### [TASK ITEM]
Where the line holding "Сетевая авторизация временно" appears, start copying, and continue exactly through the last line of the listing, skipping pictures.

### [EXERCISE DATA]
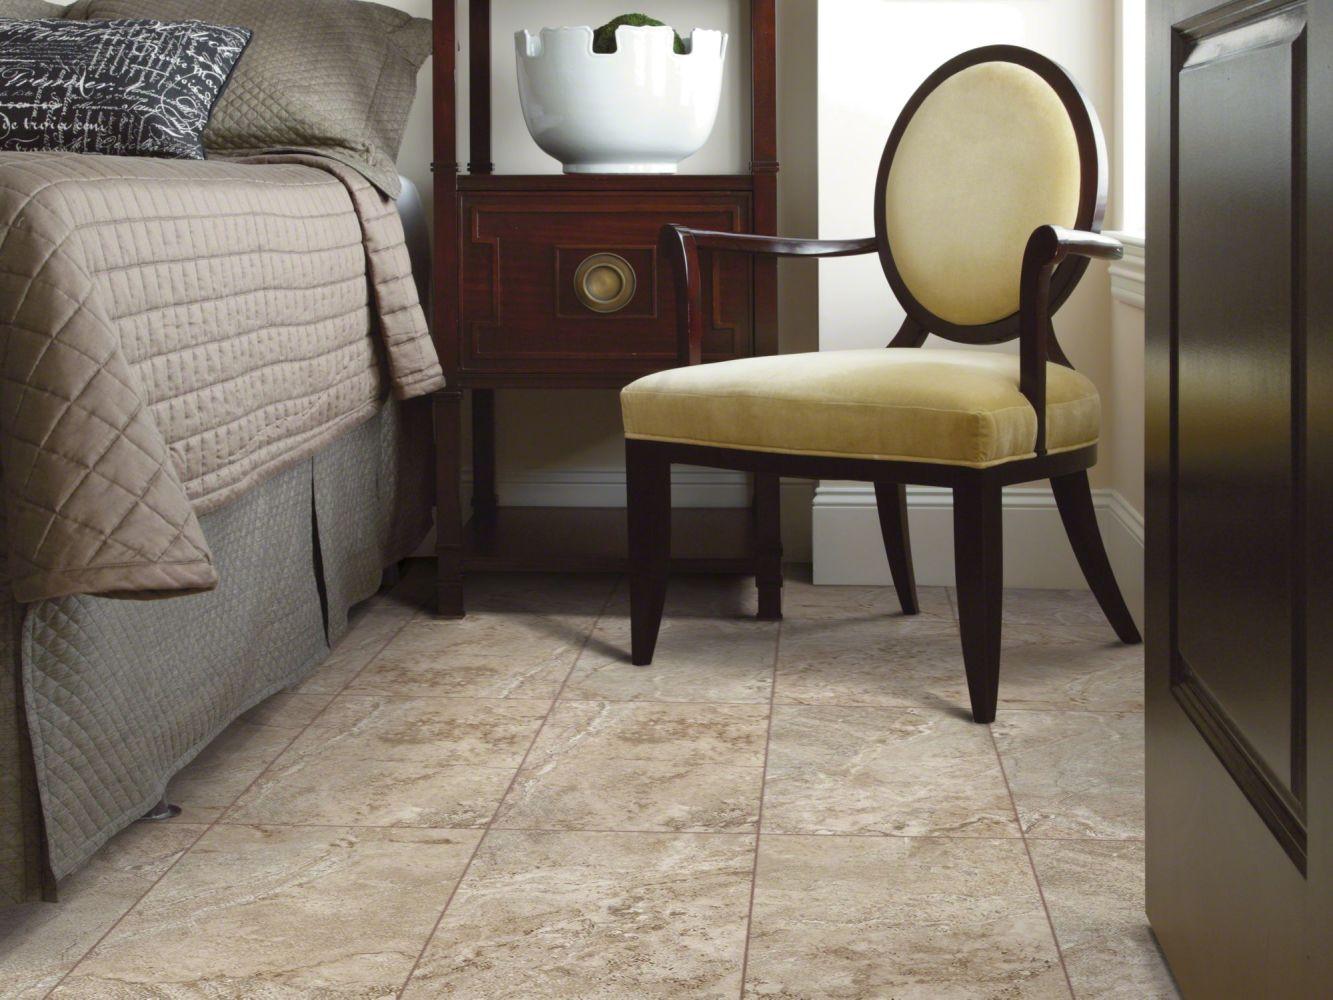 Shaw Floors Resilient Residential Fairmount Ti 20 Cedar Grove 00748_0414V
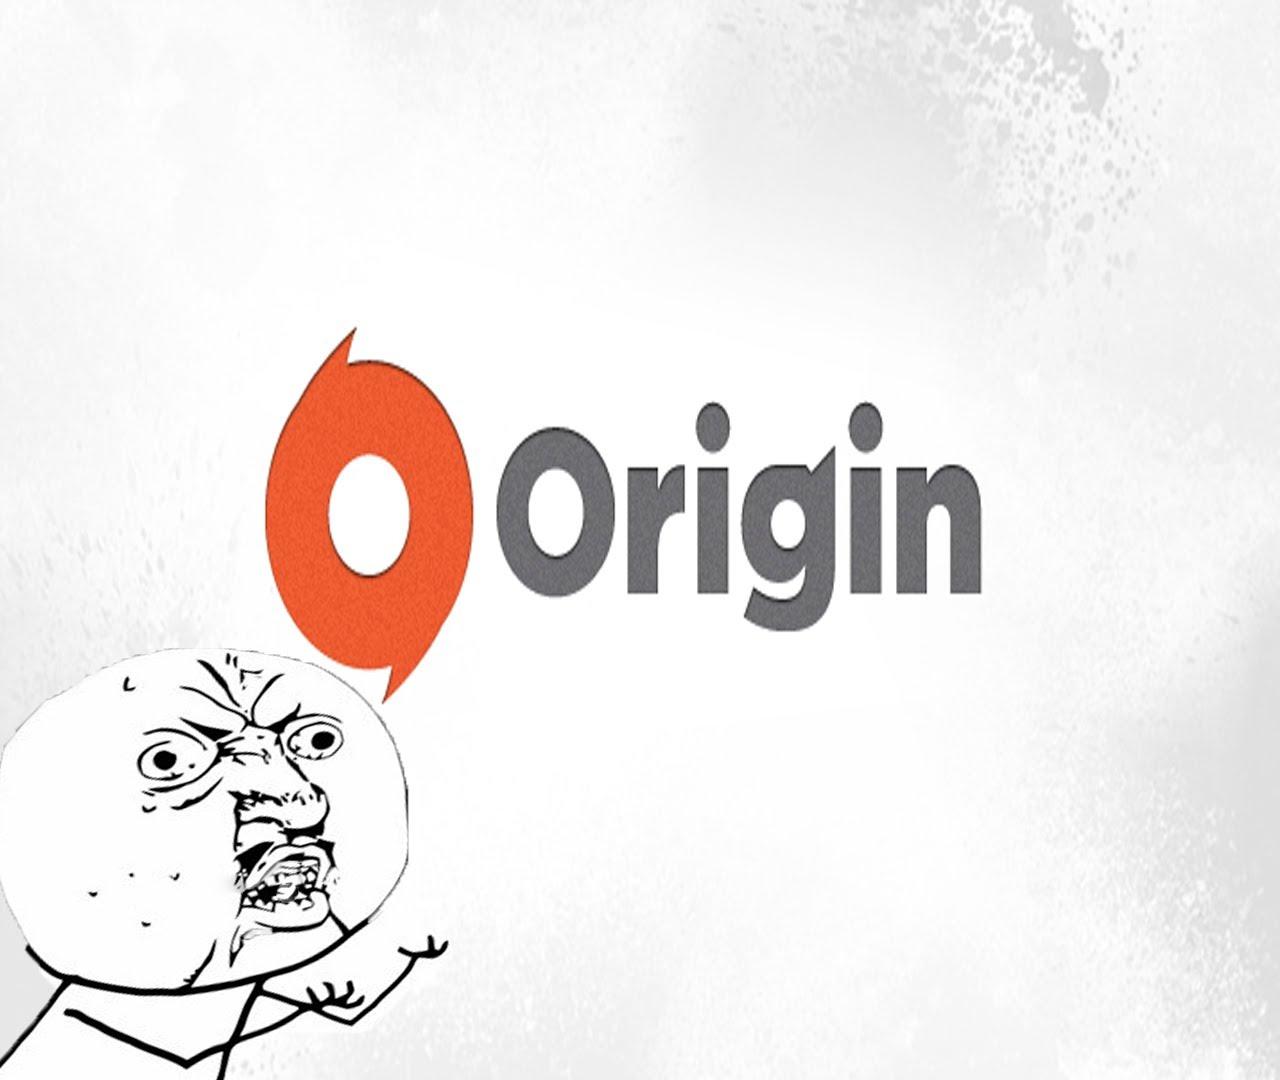 Сетевая авторизация временно недоступна (Origin)
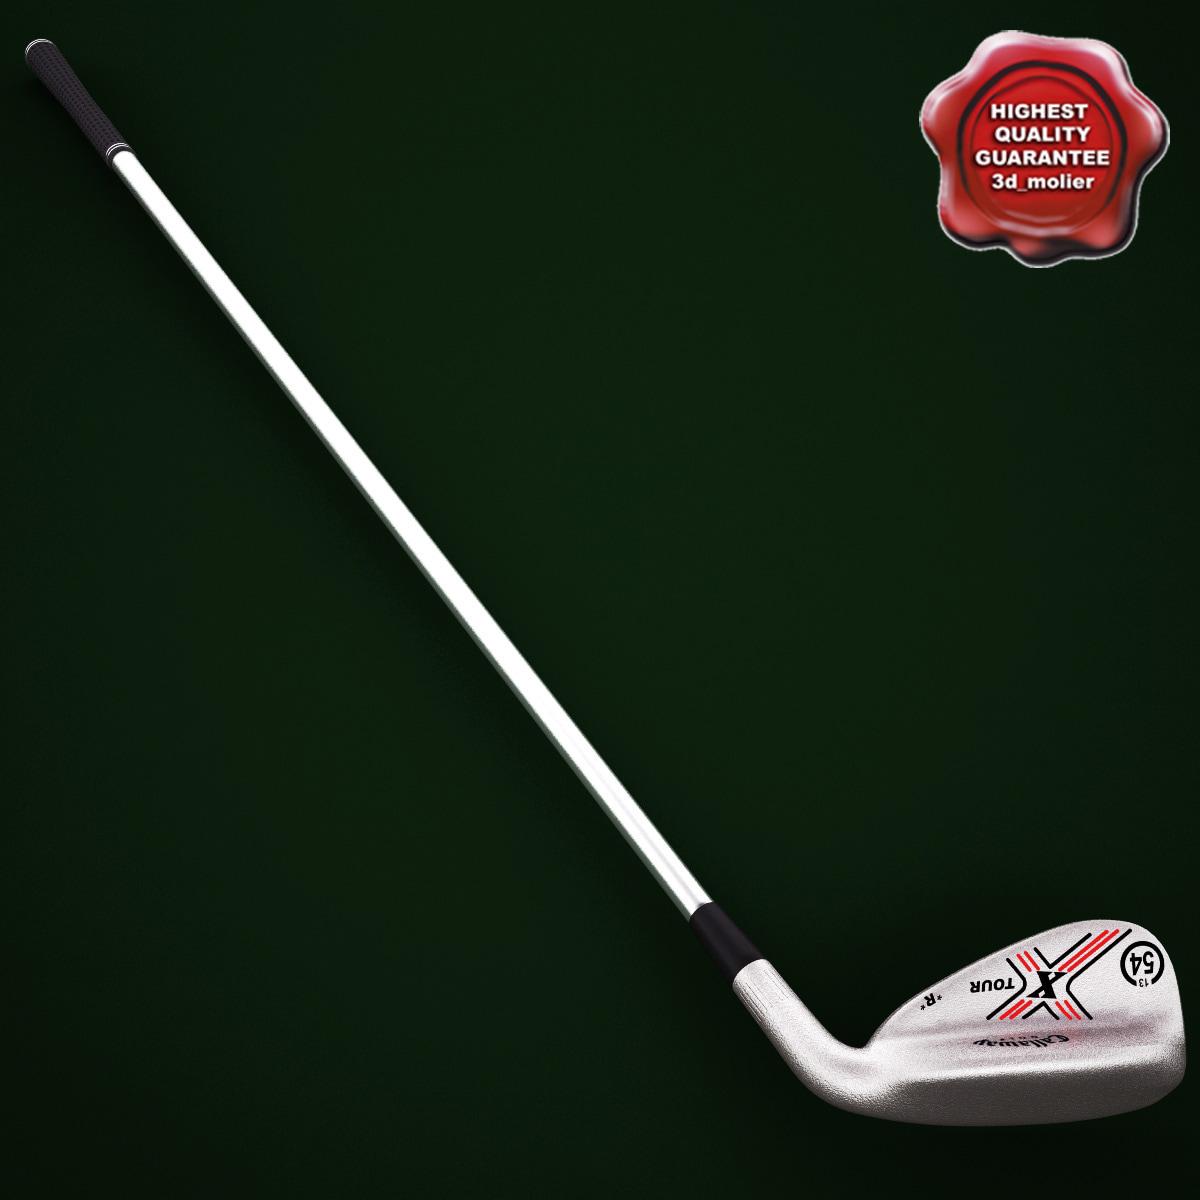 Callaway_Golf_X-Tour_00.jpg

### [RESPONSE TO THE EXERCISE]
 Сетевая авторизация временно недоступна (Origin)
 Callaway_Golf_X-Tour_00.jpg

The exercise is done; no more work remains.